Non, le lauréat du prix Pulitzer 1994 n'était pas un charognard

Publié le 22 Février 2011

Capture d'écran du reportage d'Alberto Rojas sur le site d'El Mundo (DR).

Un vautour posé au sol semble attendre sa pitance, immobile, à quelques mètres d'un enfant affamé, visiblement à bout de force, le front appuyé au sol. Le secret de l'une des photos les plus polémiques de l'histoire des médias vient d'être dévoilé en Espagne.

Prise au sud du Soudan, alors en pleine guerre civile et pendant une grande famine , « la fillette et le vautour », comme on surnomme le cliché, a valu le prix Pulitzer au photographe sud-africain Kevin Carter en 1994 et déclenché une débat qui fait encore rage.

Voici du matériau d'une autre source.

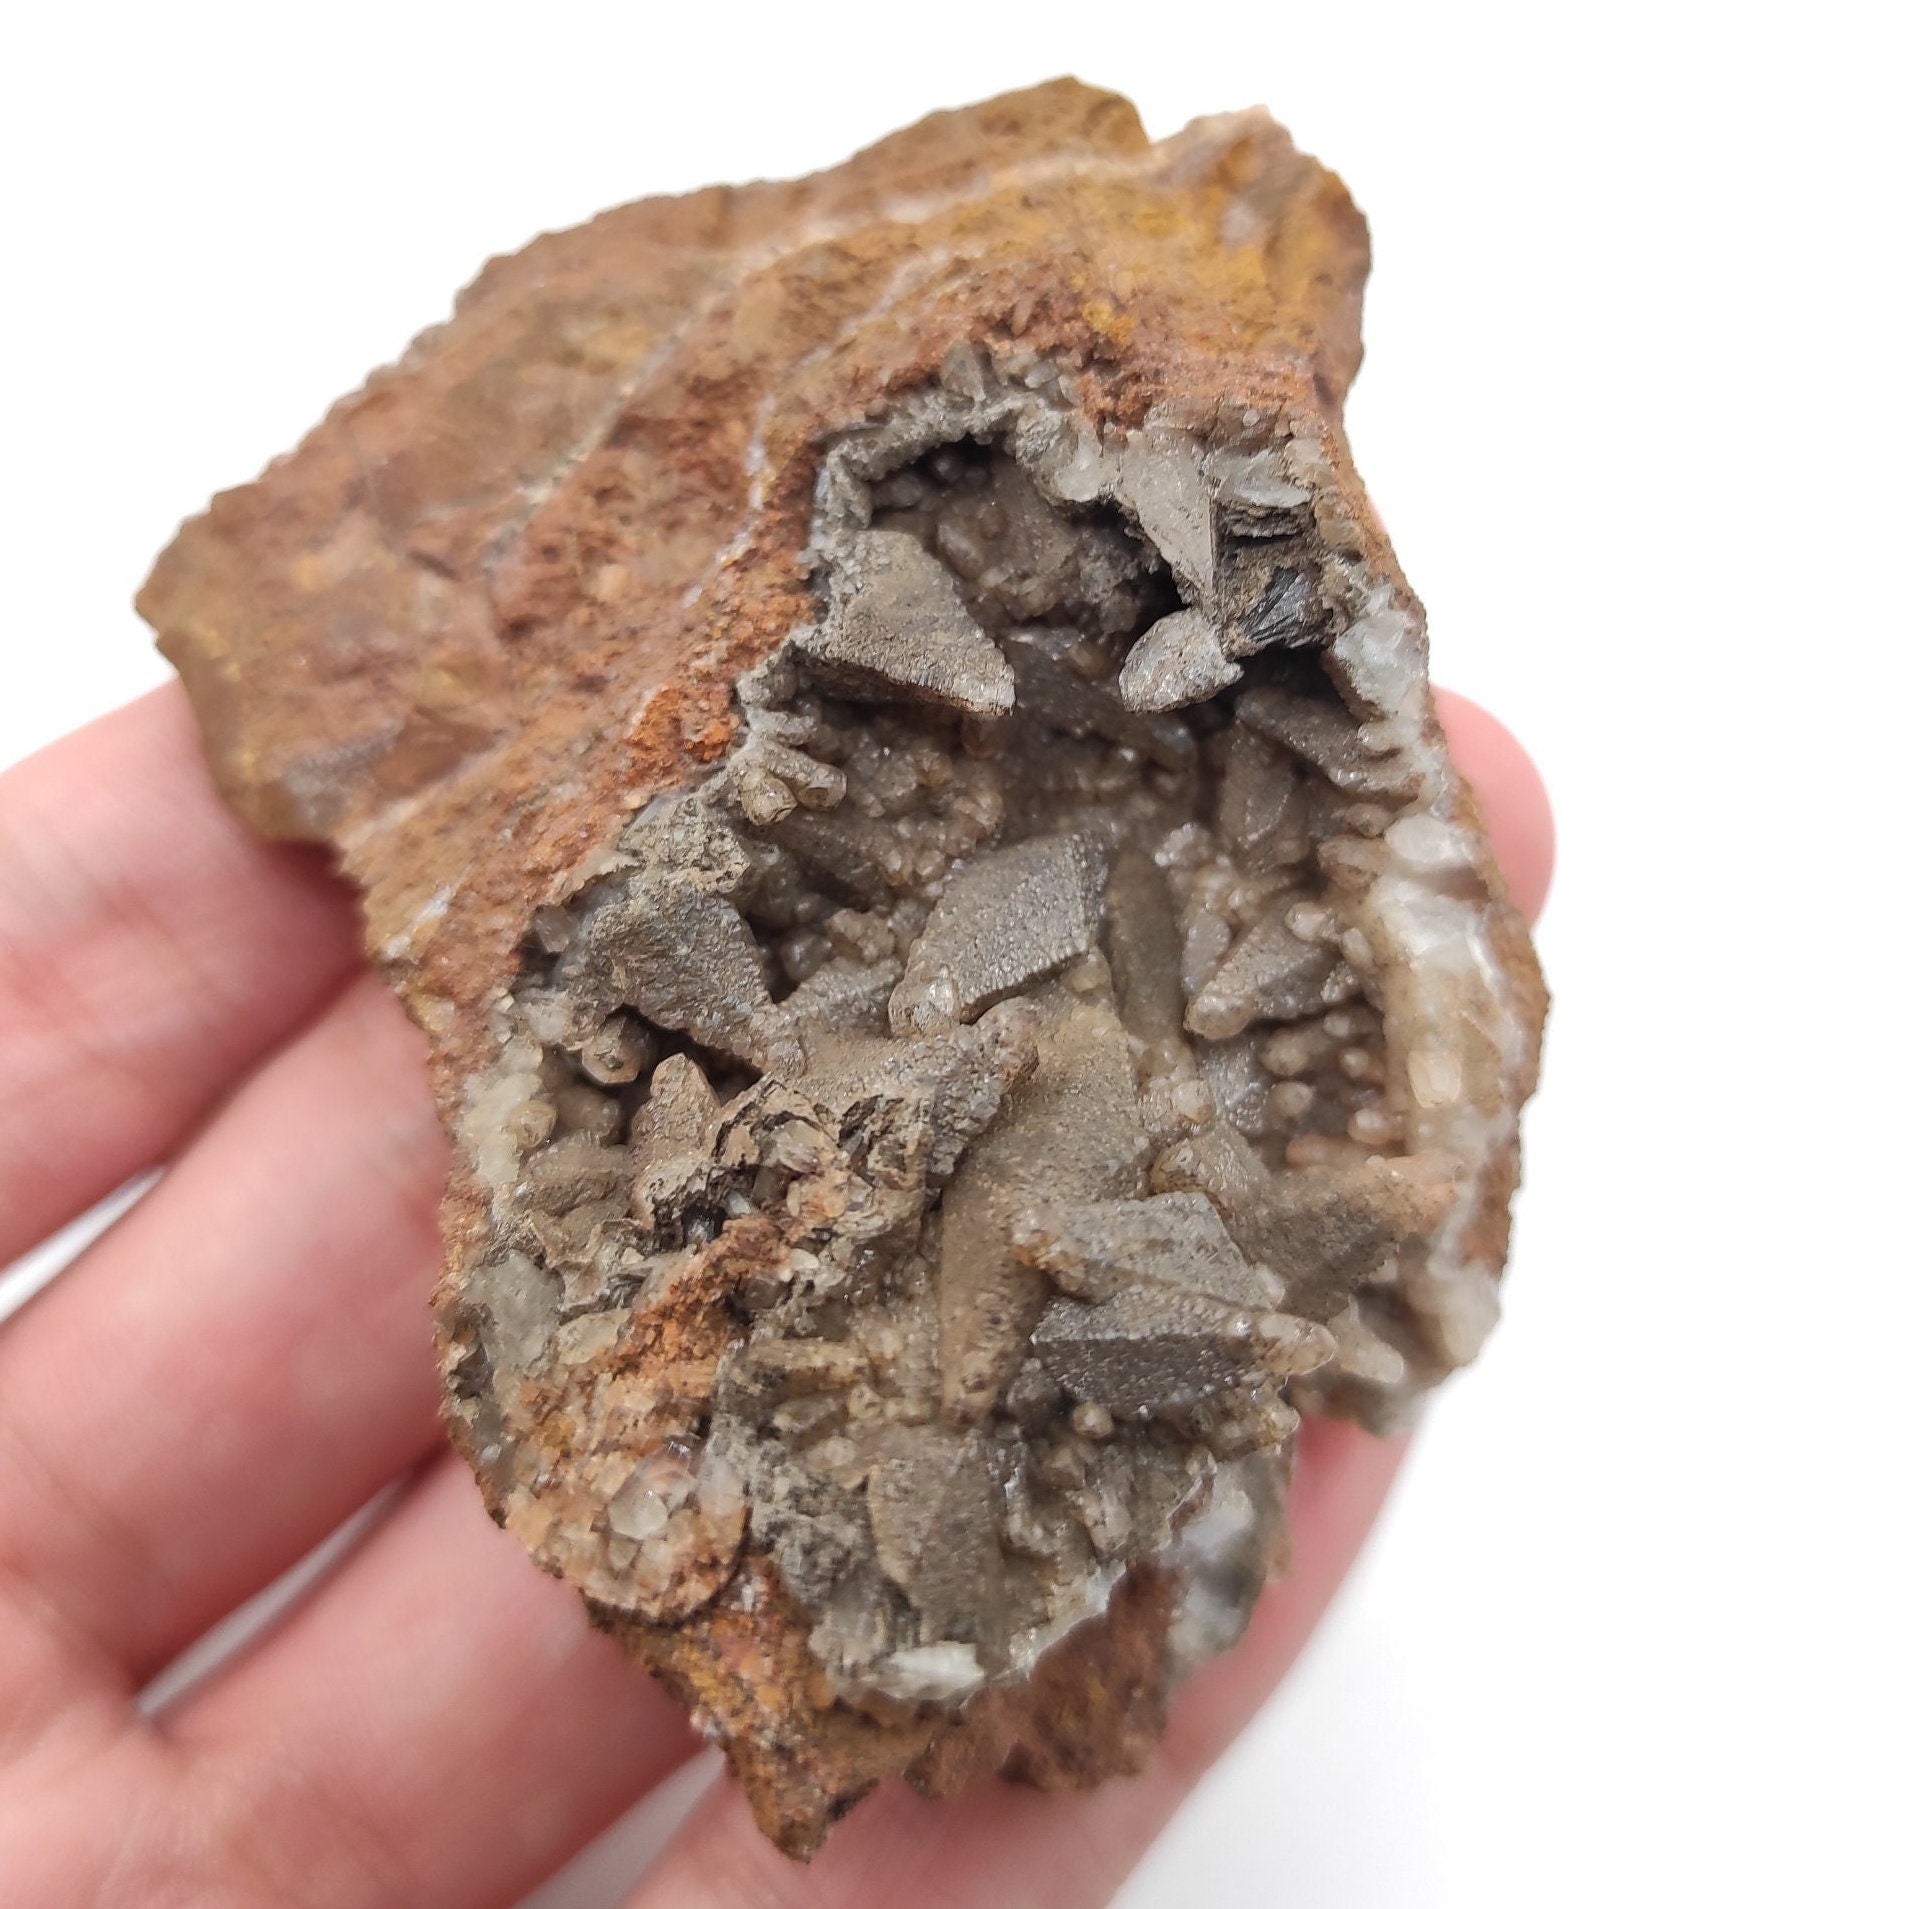 86g UV Reactive Calcite - Phosphorescent Calcite Specimen - Cambridge Cove, Nova Scotia, Canada - UV Minerals - Minerals with Afterglow
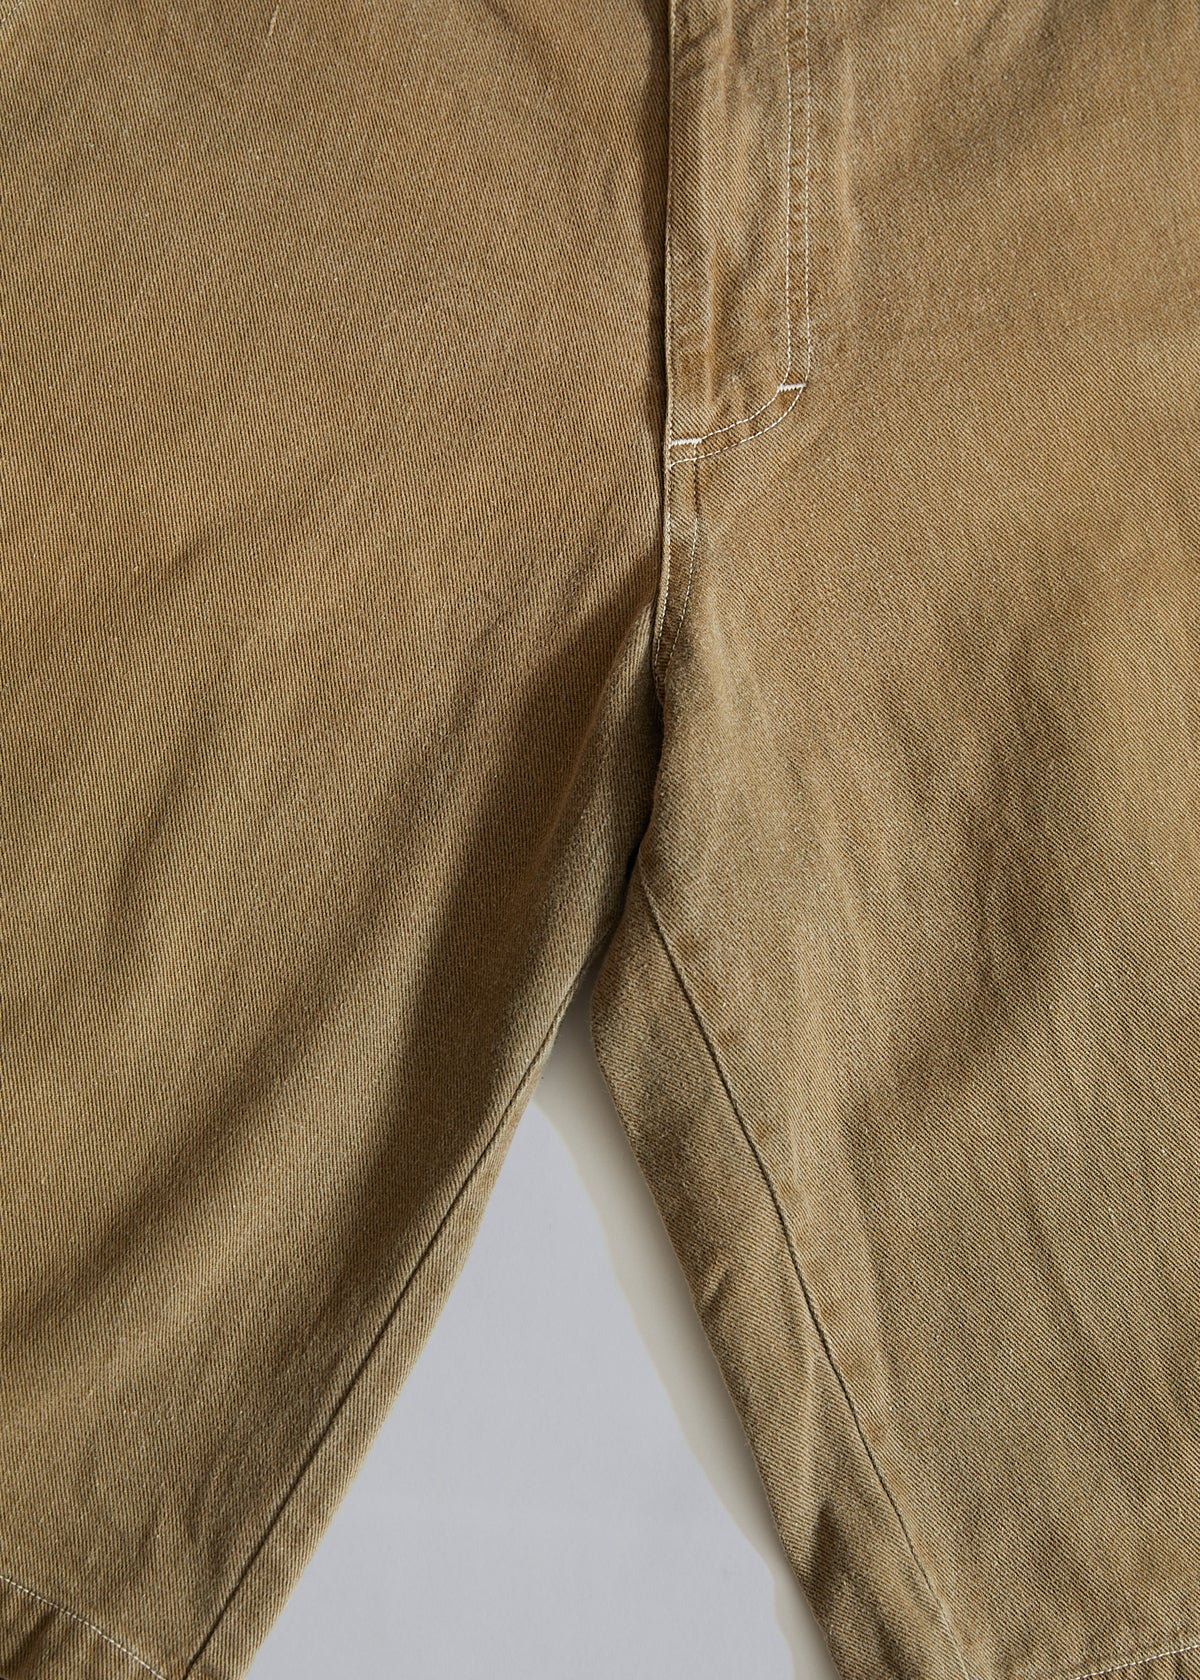 Brown King Size Work Cotton Shorts - 32

Le charognard n'est-il pas le photographe, qui se contente d'immortaliser le moment sans aider l'enfant, comme il l'a lui-même admis plus tard ? Le poids de la culpabilité ne l'a-t-il pas d'ailleurs poussé à se suicider quelques semaines plus tard ?

La fillette était un petit garçon

Pour la première fois depuis dix-huit ans, un journaliste a décidé de suivre la piste de cette célèbre image jusque dans un petit hameau à quelques kilomètres d'Ayod, au sud du Soudan donc, alors surnommé le « triangle de la faim ».

Et l'on découvre que l'enfant, en fait un petit garçon, avait survécu à la famine. Et que le photographe n'aurait rien pu faire pour l'aider.

Au moment où la photo a été prise, Kong Nyong, comme s'appelait le garçonnet, ne se trouvait qu'à quelques mètre de sa tante – sa mère étant morte en couches – et d'autres adultes qui faisaient la queue pour obtenir la ration alimentaire que les volontaires de Médecins du monde distribuaient alors aux enfants du village, explique Alberto Rojas, le reporter d'El Mundo qui a retrouvé le père de l'enfant, Nyong, aujourd'hui l'un des sages du village.

Lorsque le journaliste lui montre le cliché, c'est la première fois que le patriarche, comme tous les habitants du hameau, découvre la fameuse photo. Personne ne se souvient de la venue des photographes en 1993 mais ils reconnaissent le garçonnet, qui est décédé il y a quatre ans à cause de fortes fièvres, selon son père.

Aller au-delà des légendes noire des photos

C'est il y a moins de quatre mois que Alberto Rojas a été saisi de l'envie de découvrir ce qui se cachait derrière « la fillette et le vautour ».

Un nouveau débat agitait alors les rédactions espagnoles après la publication en une des grands journaux de la photo d'une femme haïtienne nue, apparemment agonisante, pour illustrer l'épidémie de choléra qui y fait rage. Elle n'était en fait pas malade.

« Comme pour Carter, on se demandait à nouveau quelles étaient les limites du regard du photographe et on les accusait de n'avoir rien fait. J'ai voulu aller au-delà de la légende noire qui entoure cette photo historique. »

Carter poursuivi par les morts qu'il avait immortalisés

A travers les témoignages des proches de Kevin Carter, Alberto Rojas a pu confirmer que le photographe ne s'est pas suicidé à cause de la photo.

Souffrant de dépression, accro à un sédatif, « il avait déjà tenté de se suicider plusieurs fois avant cette photo », lui a confié sa meilleure amie, la journaliste Judith Matloff qui n'a jamais compris pourquoi le photographe n'avait pas expliqué clairement la situation de l'enfant plutôt que de subir les attaques.

Peu avant sa mort, un ami photographe avait été tué pendant une mission en Afrique du Sud. Dans sa lettre d'adieu, Kevin Carter disait se sentir poursuivi par les morts qu'il avait immortalisés.

Illustration : capture d'écran du reportage d'Alberto Rojas sur le site d'El Mundo.